[[ Material provided, beginning ]]

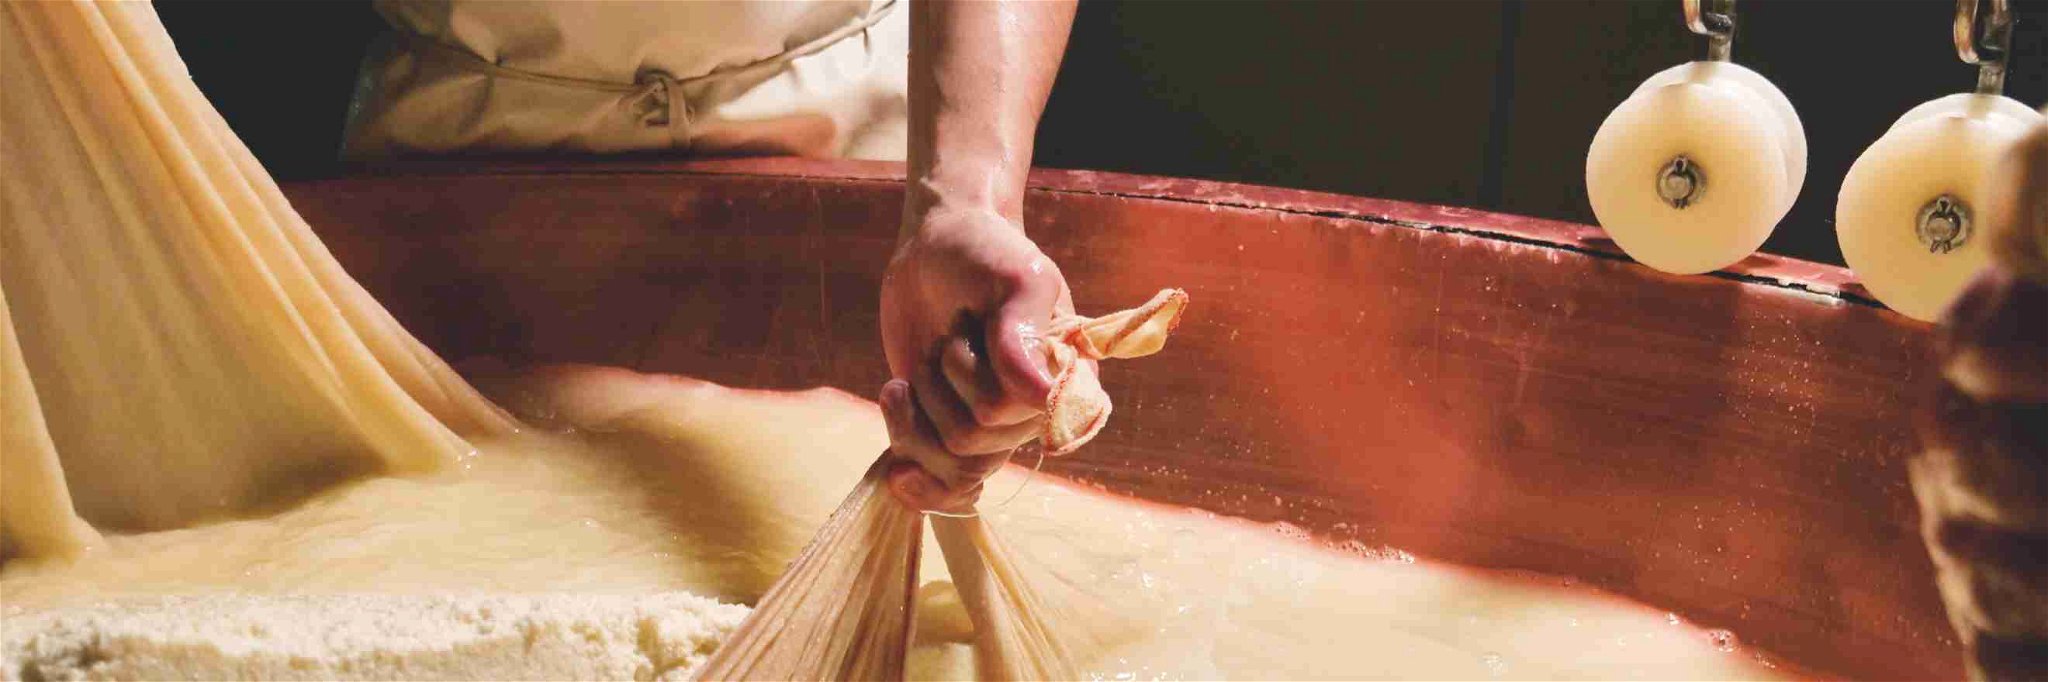 Cheesemaking: separating curds from whey
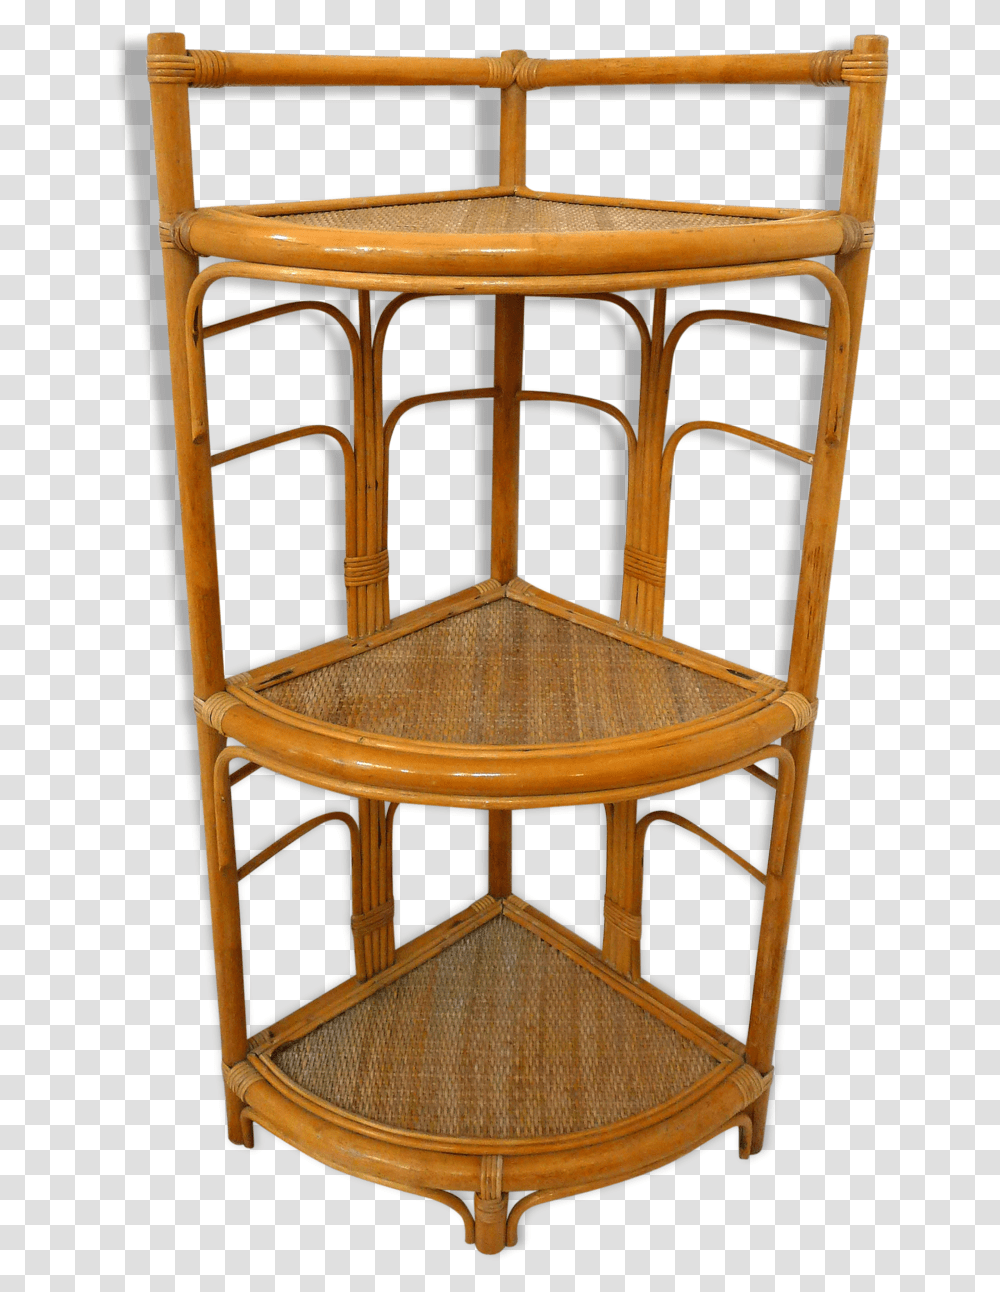 Vintage Corner Shelf In Rattan And WickerSrc Https, Chair, Furniture, Table, Wood Transparent Png
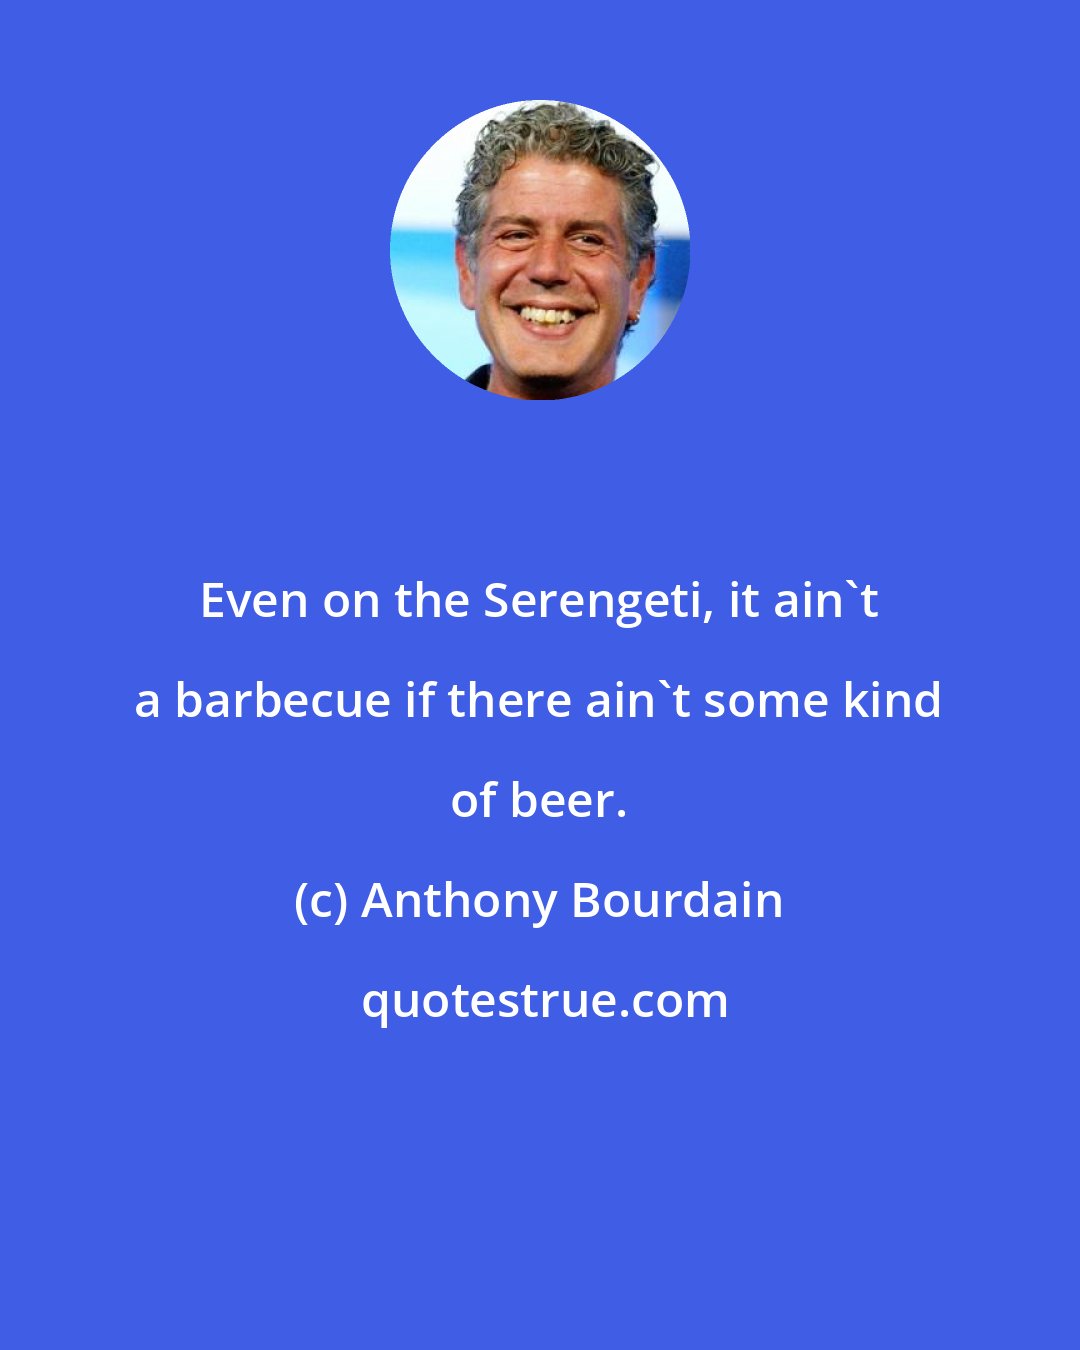 Anthony Bourdain: Even on the Serengeti, it ain't a barbecue if there ain't some kind of beer.

[[ Material provided, end ]]

▸ Exercise objective: Copy all of the material word for word, and include none of its pictures.

▸ Written response:
 Cheesemaking: separating curds from whey
 Vintage Corner Shelf In Rattan And WickerSrc Https, Chair, Furniture, Table, Wood Transparent Png
 Anthony Bourdain: Even on the Serengeti, it ain't a barbecue if there ain't some kind of beer.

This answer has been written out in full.